A Rotten Tomatoes reader described The Expendables thusly: “Its purpose is to be violent.” Mission accomplished. Sylvester Stallone’s long-rumored convening of the Lat Pack – a motley crew of action stars past and present, including Jason Statham, Dolph Lundgren and, in his first dramatic role since 2004’s Around the World in 80 Days, Gov. Arnold Schwarzenegger – is a love letter to bloody excess.
Where is Seagal? Van Damme? Chuck Norris? For every macho icon Stallone failed to recruit, he compensates with serviceable substitutes like former pro wrestler Steve Austin and UFC star Randy Couture. The movie even reunites The Pope of Greenwich Village co-stars Mickey Rourke and Eric Roberts (whose best-known bouts have taken place off-camera), though they never share screen time.

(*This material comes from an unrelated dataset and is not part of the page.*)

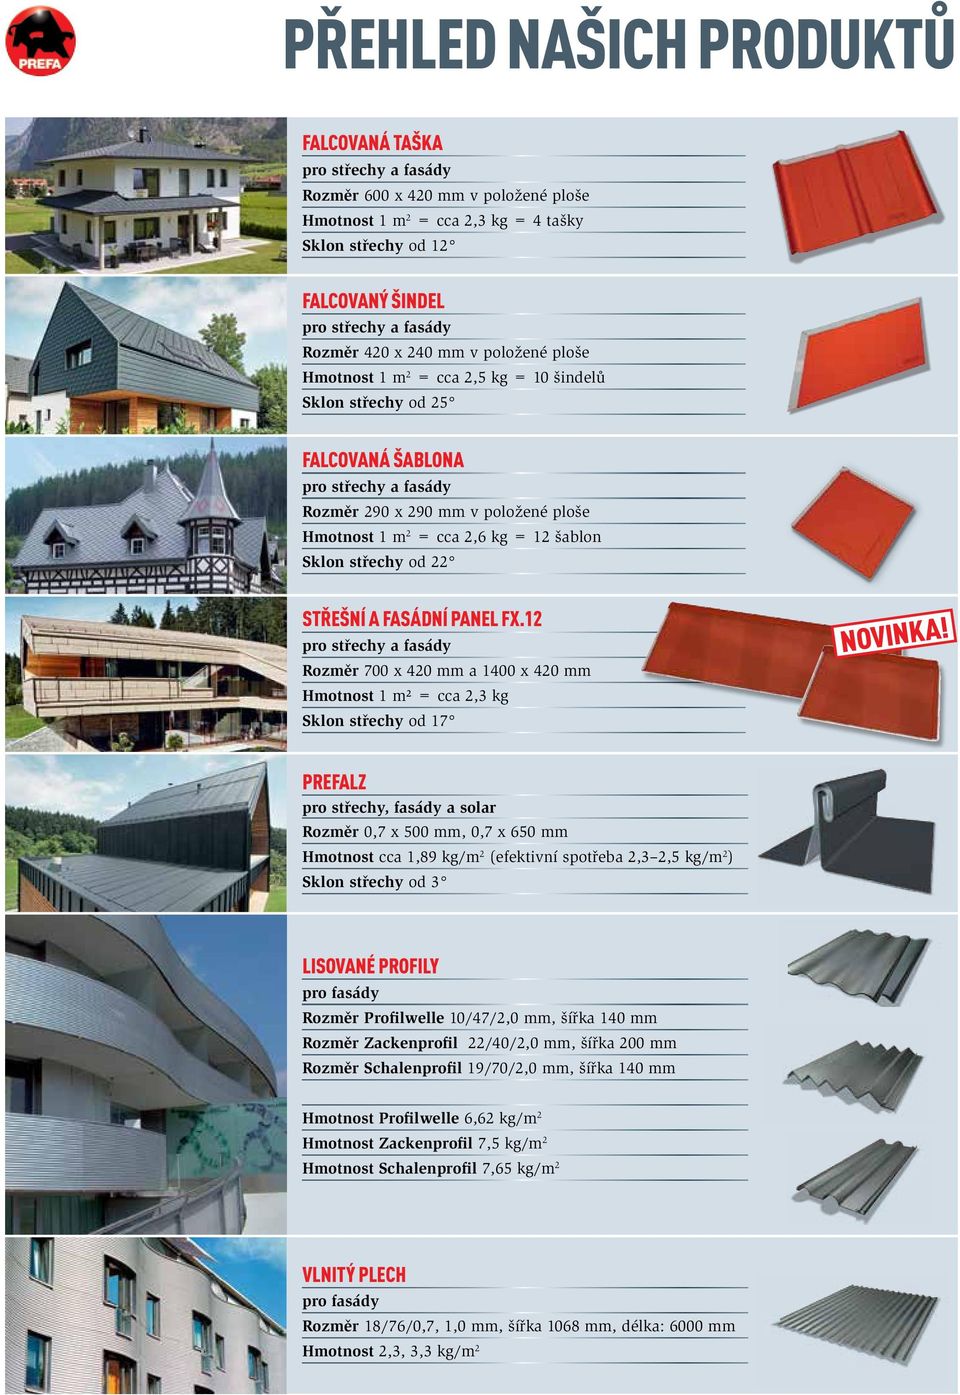 kg = 12 šablon Sklon střechy od 22 střešní a fasádní panel fx.12 pro střechy a fasády Rozměr 700 x 420 mm a 1400 x 420 mm Hmotnost 1 m² = cca 2,3 kg Sklon střechy od 17 Novinka!

Perhaps if Stallone, who co-wrote The Expendables, offered a more compelling reason for these street-fighting men to break out their boomsticks, the mayhem might have unfolded with a greater sense of urgency. Yet his story, about aging mercenaries hired by the CIA to murder a third-world dictator (David Zayas, of TV’s Dexter), is routine in every respect.
Does it matter? The audiences for whom The Expendables represents a wish belatedly fulfilled aren’t expecting Shakespeare, but Stallone, once an Oscar-nominated screenwriter, is strictly on autopilot here. He never misses an opportunity to slip in a worn-out one-liner (“Your mama!”) or a hoary cliché, and he keeps the body count rising rapidly enough to warrant a UN intervention.
But that’s the point, you say – guns, babes, testosterone and more guns. That’s the formula, all right, one Stallone employed to more rousing effect in 2008’s Rambo. Here, his lack of effort is evident not only in his story, which sputters out of the gate, but also his characters. Their motivations are murkier than the action, which, often shot in extreme close-up, is difficult to watch, much less understand.
A little suspense might have helped, but we never sense that Stallone’s all-star hit squad is in any real danger. The question is not whether they’ll survive – that’s assured – but whether they’ll run out of bullets.
As a showcase for its stars, The Expendables makes a strong case for Roberts, whose bark has lost none of its bite. Among the wasted are Jet Li, the wushu champion whose acrobatic kicks are missing in action, and former San Diego Chargers linebacker Terry Crews, who, like everyone else, just shows up. Barely.